Recorded information:
━━━━━━━━━━━━━━━━━━━━━━━━━━━━━━
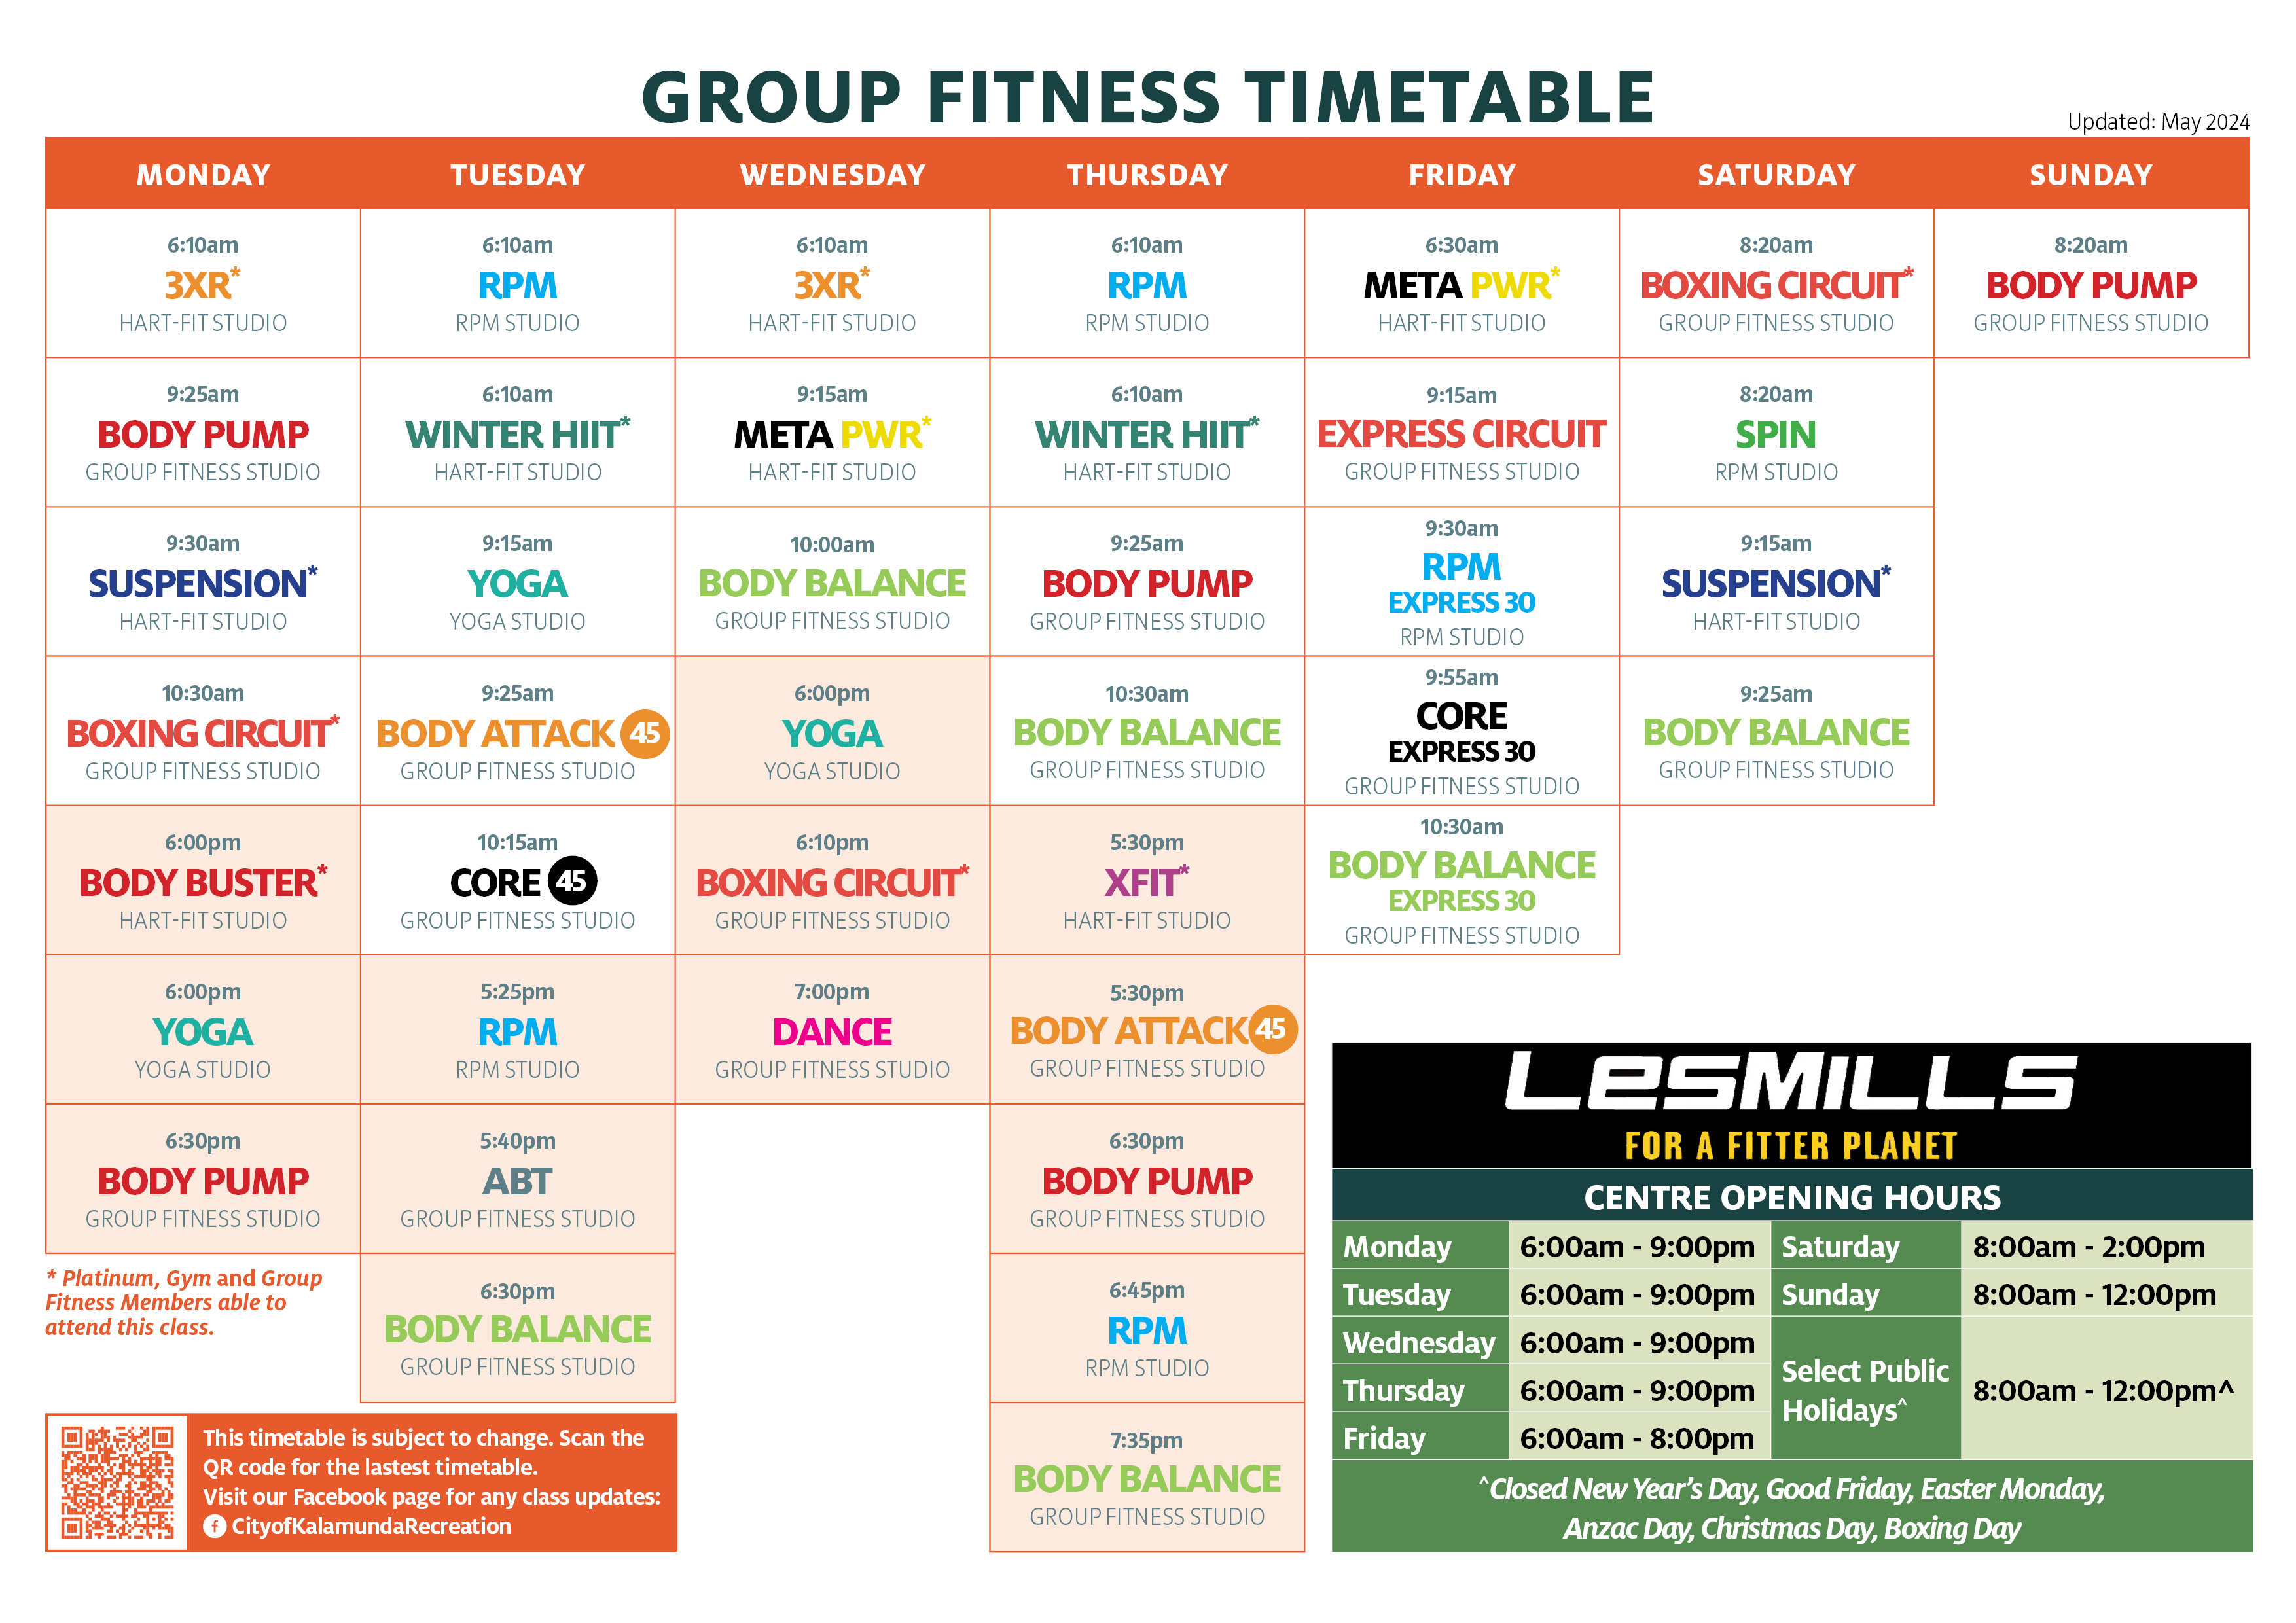 Group Fitness Timetable (as of May 2024)
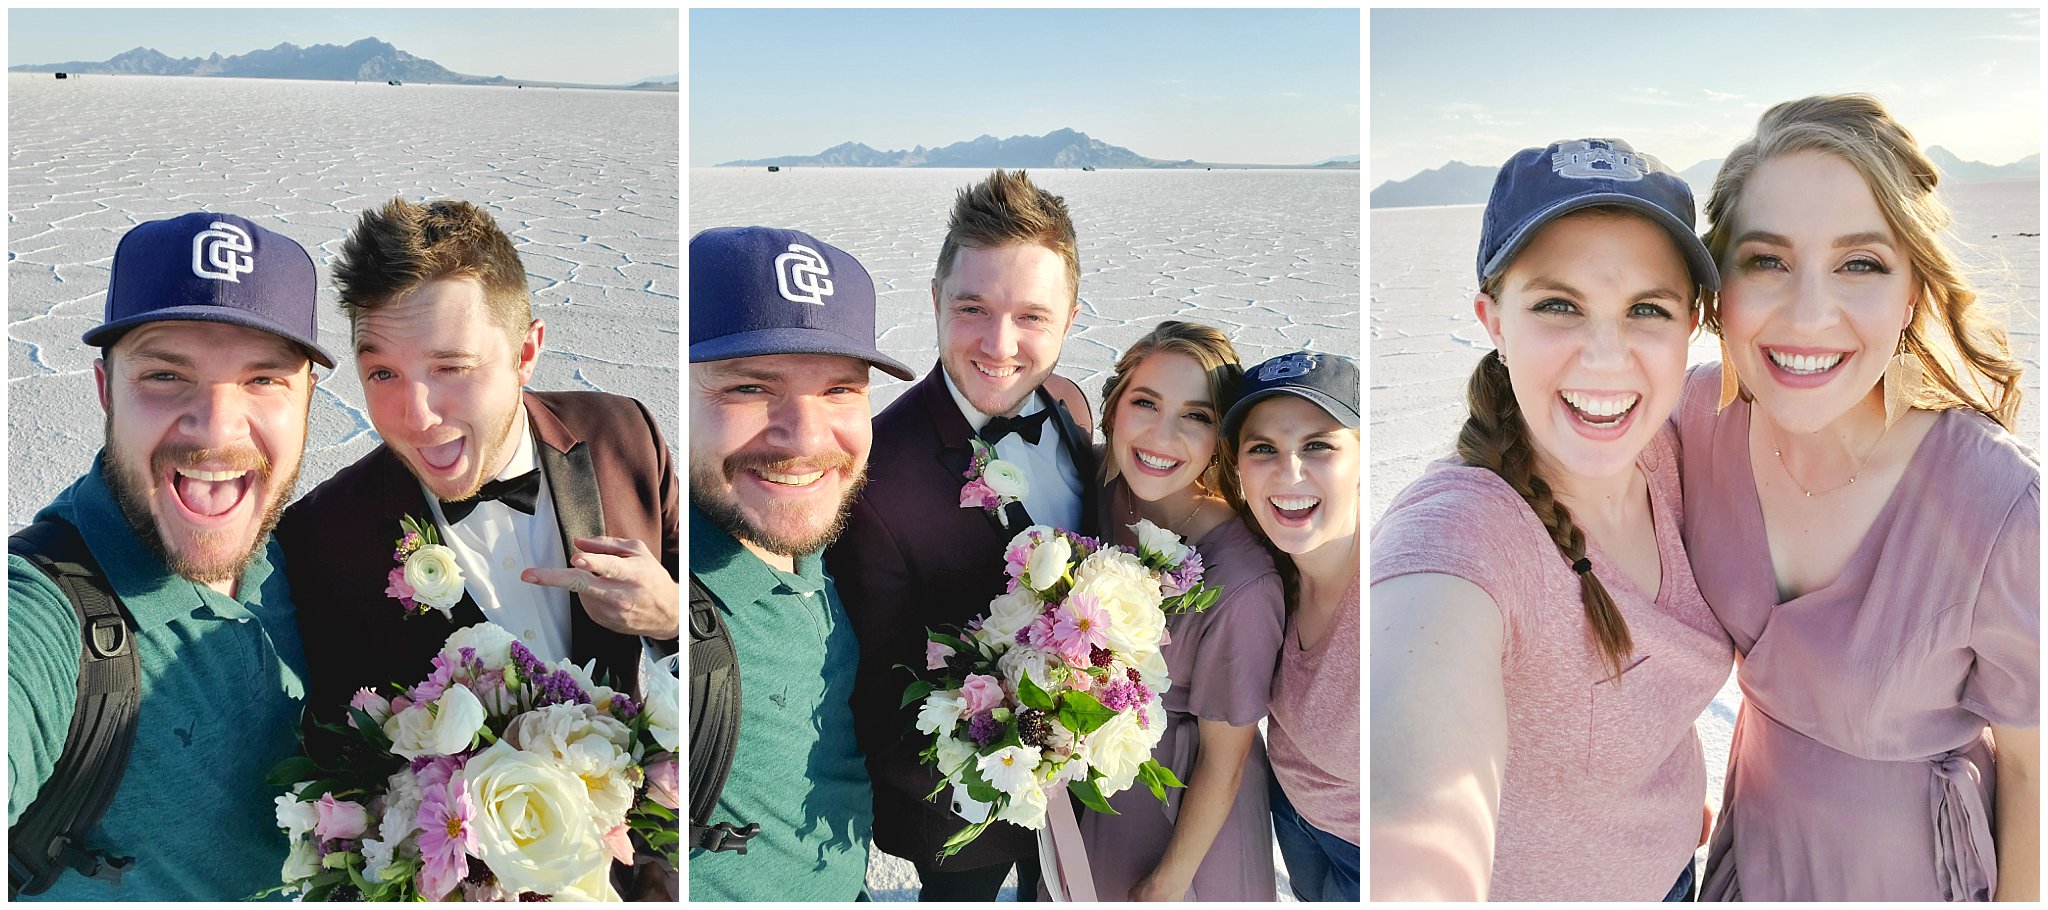 Jessie and Dallin with couple at the Salt Flats
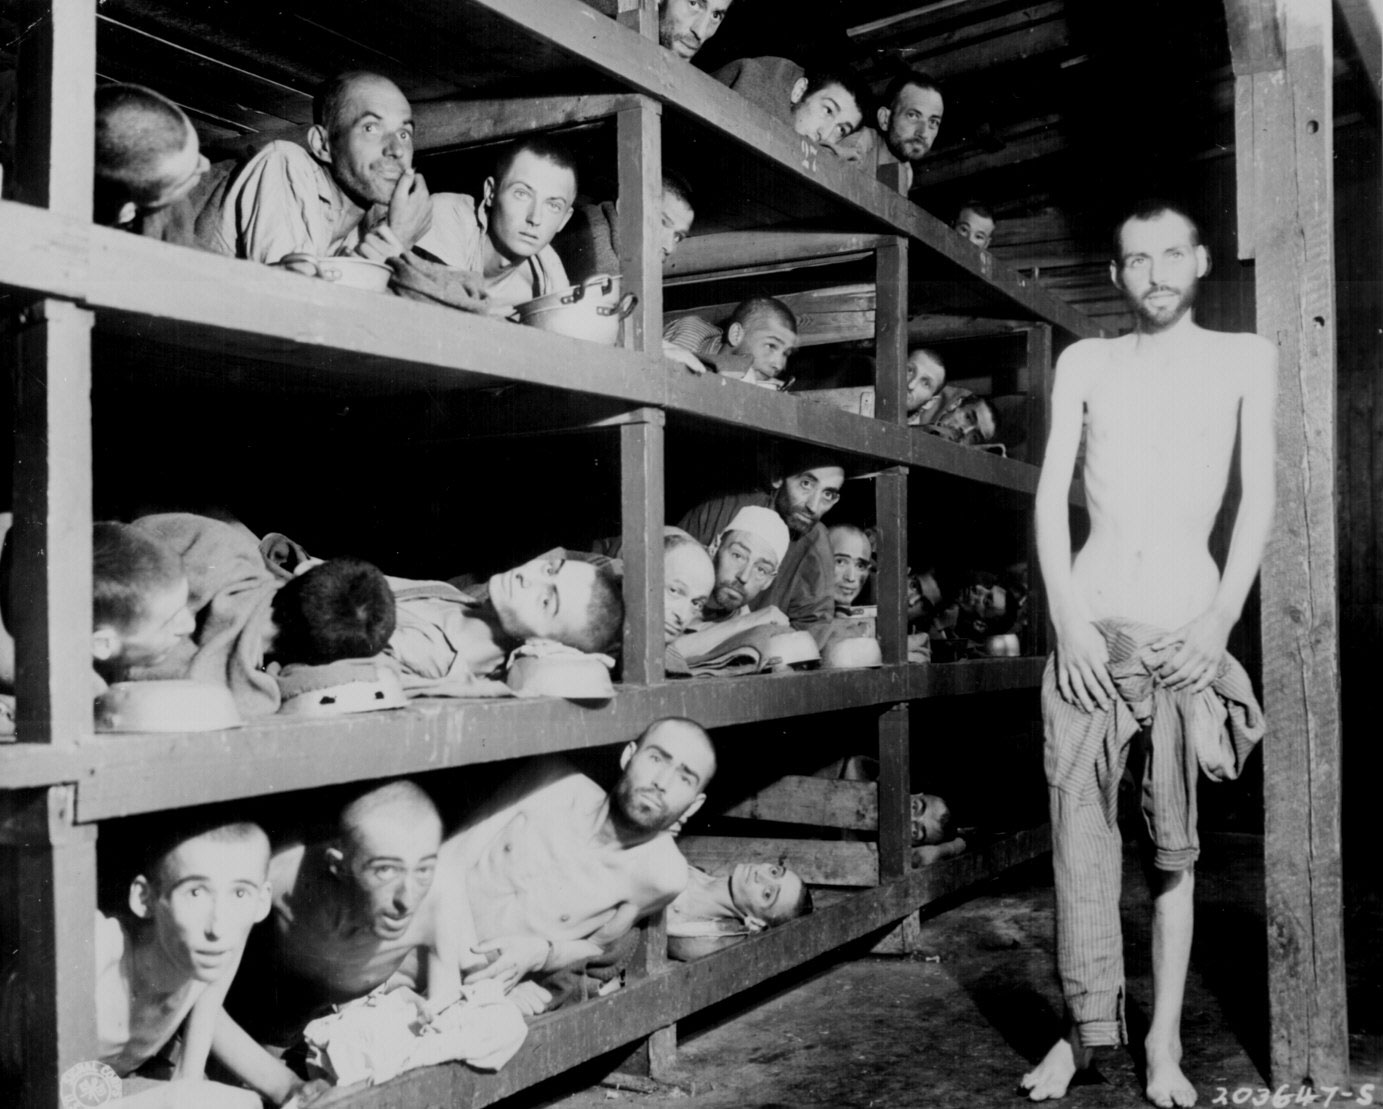 Prisoners at Buchenwald concentration camp, Germany, 16 Apr 1945; author Elie Wiesel is in the second row up, seventh from the left, next to the bunk post (US National Archives: 208-AA-206K-31)
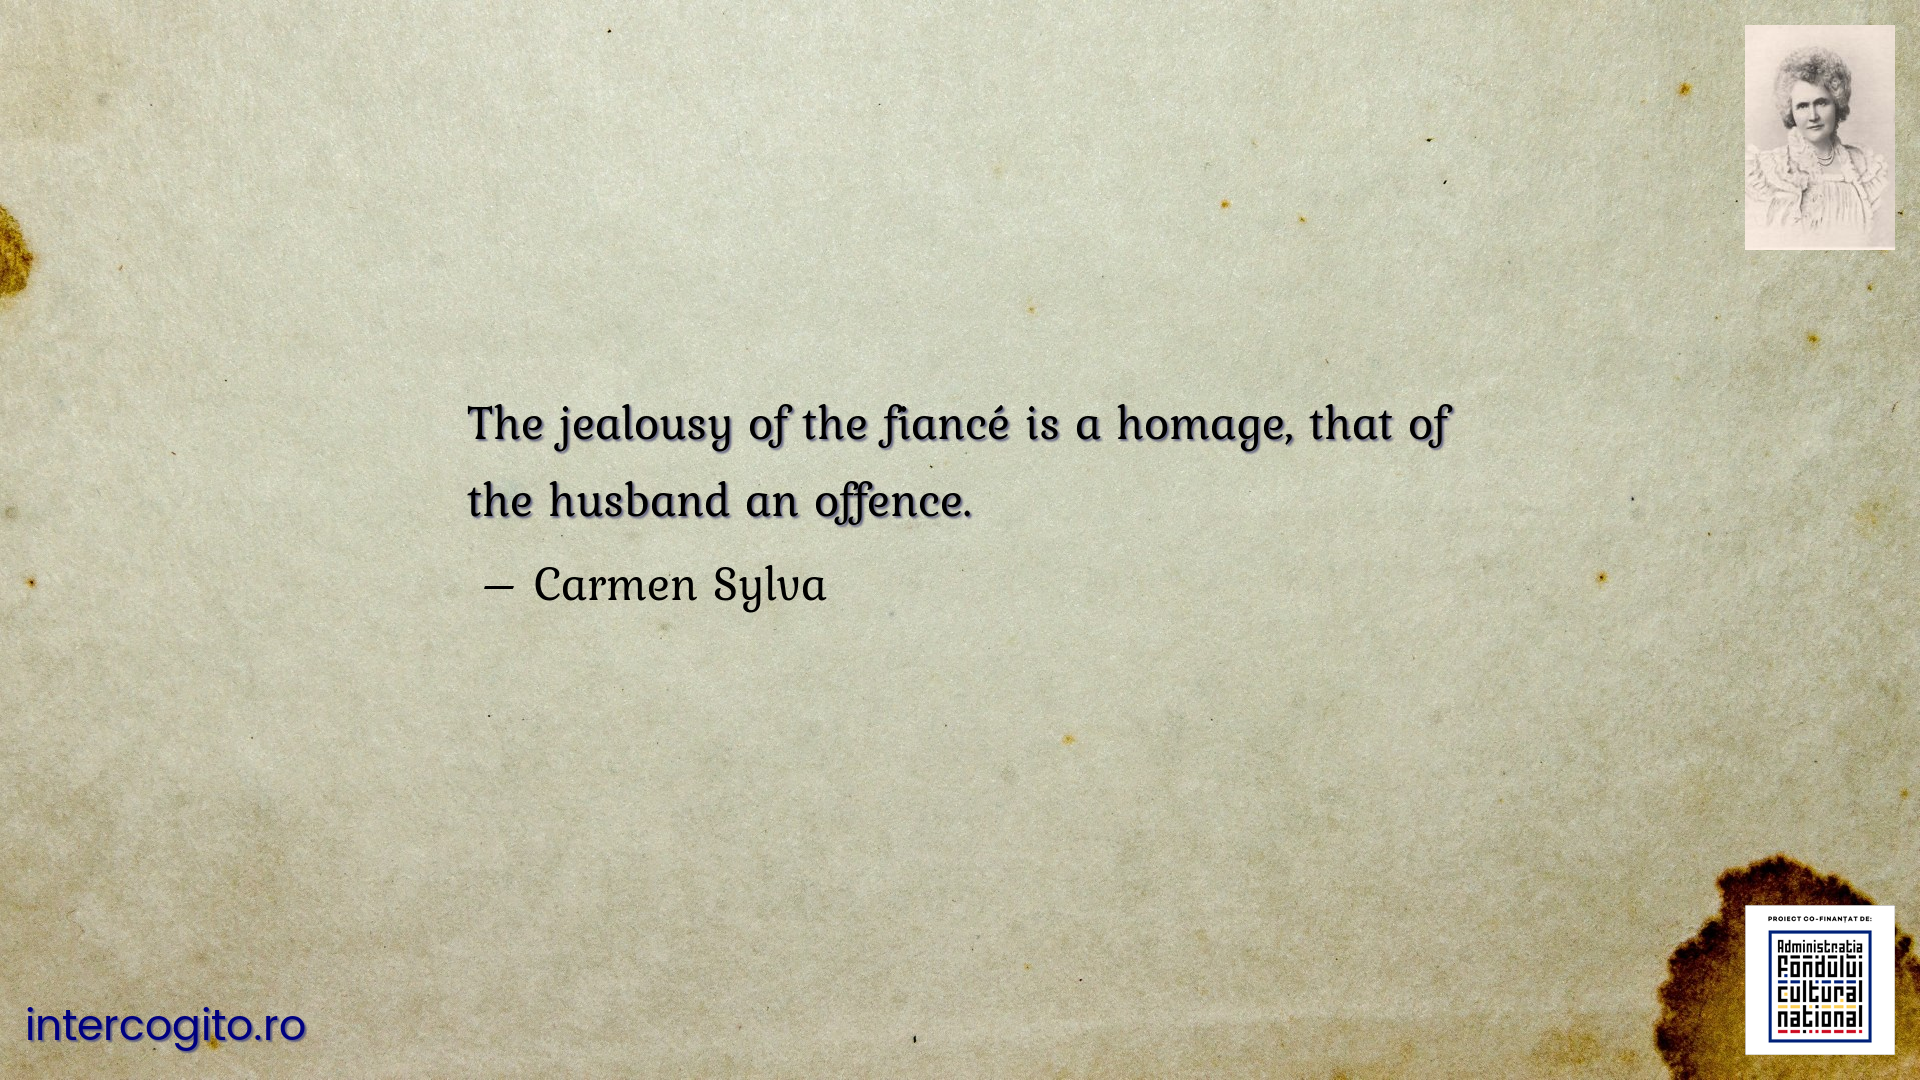 The jealousy of the fiancé is a homage, that of the husband an offence.
━━━━━━━━━━━━━━━━━━━━━━━━━━━━━━
What you have to do: Copy out the whole listing exactly, and don't carry over any pictures.

Answer space:
 Group Fitness Timetable (as of May 2024)
 Jessie and Dallin with couple at the Salt Flats
 Prisoners at Buchenwald concentration camp, Germany, 16 Apr 1945; author Elie Wiesel is in the second row up, seventh from the left, next to the bunk post (US National Archives: 208-AA-206K-31)
 The jealousy of the fiancé is a homage, that of the husband an offence.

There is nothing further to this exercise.